Ahmed, A, Ahmed, R, Ali, SS, Patel, U, Shahid, I, Zafar, M, Sharma, A, Ashraf, A, Jani, V
Clinical neurology and neurosurgery. 2020;:106146
Abstract
BACKGROUND The objective of this paper is to assess the clinical outcomes between non-traumatic intracerebral hemorrhage(ICH) in patients using direct oral anticoagulants(DOAC) versus vitamin K antagonists(VKA) for non-valvular atrial fibrillation. We also evaluated the predictors of the poor post-ICH outcomes. METHODS We have performed pooled meta-analysis to assess long-term clinical outcomes in patients with DOAC-ICH as compared to those with VKA-ICH. A systematic literature search was conducted by searching the full-text English literature in PubMed, EMBASE, and Cochrane databases for observational studies reporting outcomes on interest. MOOSE guidelines were used to collect data till December 31, 2019 and random effects analysis was carried out to account for heterogeneity. For outcomes, risk ratios(RR) and the mean differences were pooled using a random-effects model and weighted mean differences (WMDs), respectively.

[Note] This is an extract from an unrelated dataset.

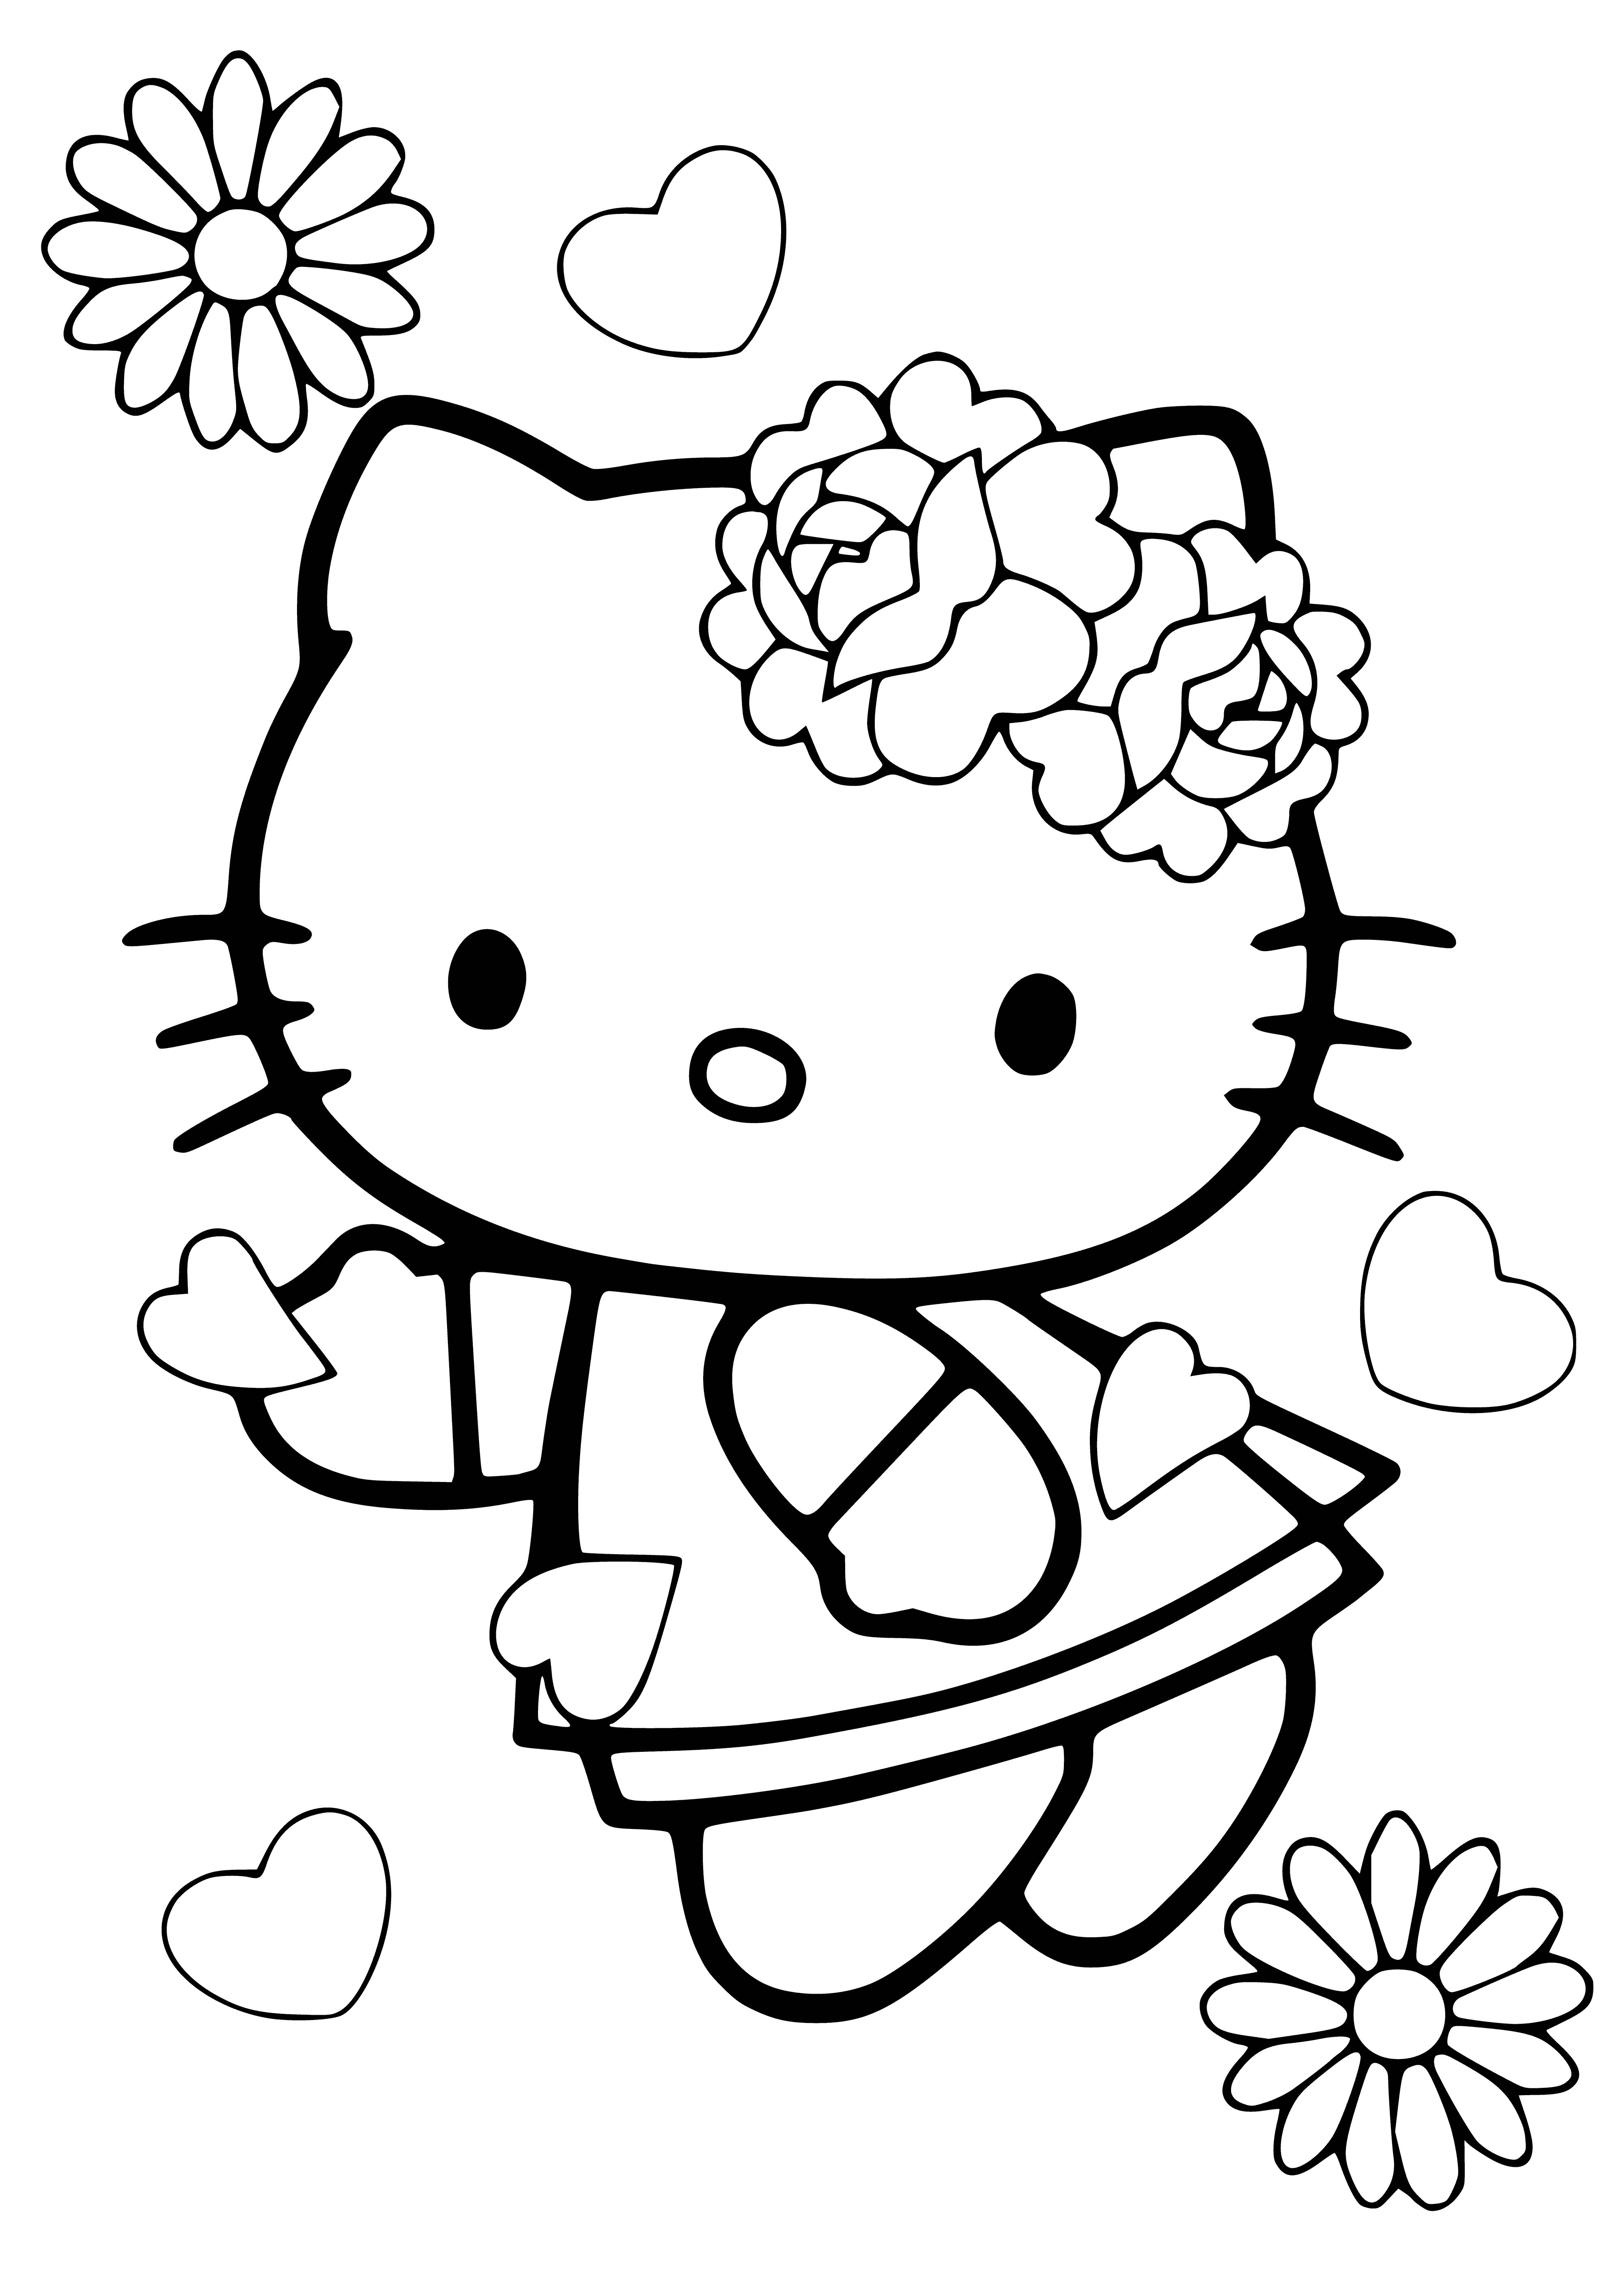 Merhaba kedicik boyama sayfası

RESULTS Seventeen studies met the inclusion criteria (n = 25,354 patients; DOAC-ICH arms = 5,631; VKA-ICH arm = 19,273). Patients with DOAC-ICH had smaller hematoma volumes (WMD=-9.59; 95%CI=-15.33--3.85; I2 = 68.6%) and reduced mortality rate at discharge (RR = 0.82; 95%CI = 0.71-0.96; I2 = 9.4%). There was no significant difference between the two groups in rate of hematoma expansion (RR = 0.79; 95%CI = 0.56-1.11; I2 = 50.9%), unfavorable functional outcome(Modified Rankin Scale) at discharge (RR = 0.82; 95%CI = 0.56-1.18; I2 = 80.2%), unfavorable outcome at 3-months (RR = 0.77; 95%CI = 0.56-1.06; I2 = 63.9), and mortality at 3-months (RR = 0.90; 95%CI = 0.73-1.10; I2 = 35∙8%). Multivariate meta-regression revealed that the average age of patient population had a significantly negative correlation with(RR=-0.202; p = 0.017) hematoma expansion. CONCLUSION We conclude that use of DOAC is associated with reduced hematoma volume and mortality rate at discharge. Age is a predictor of the poor outcome of hematoma expansion.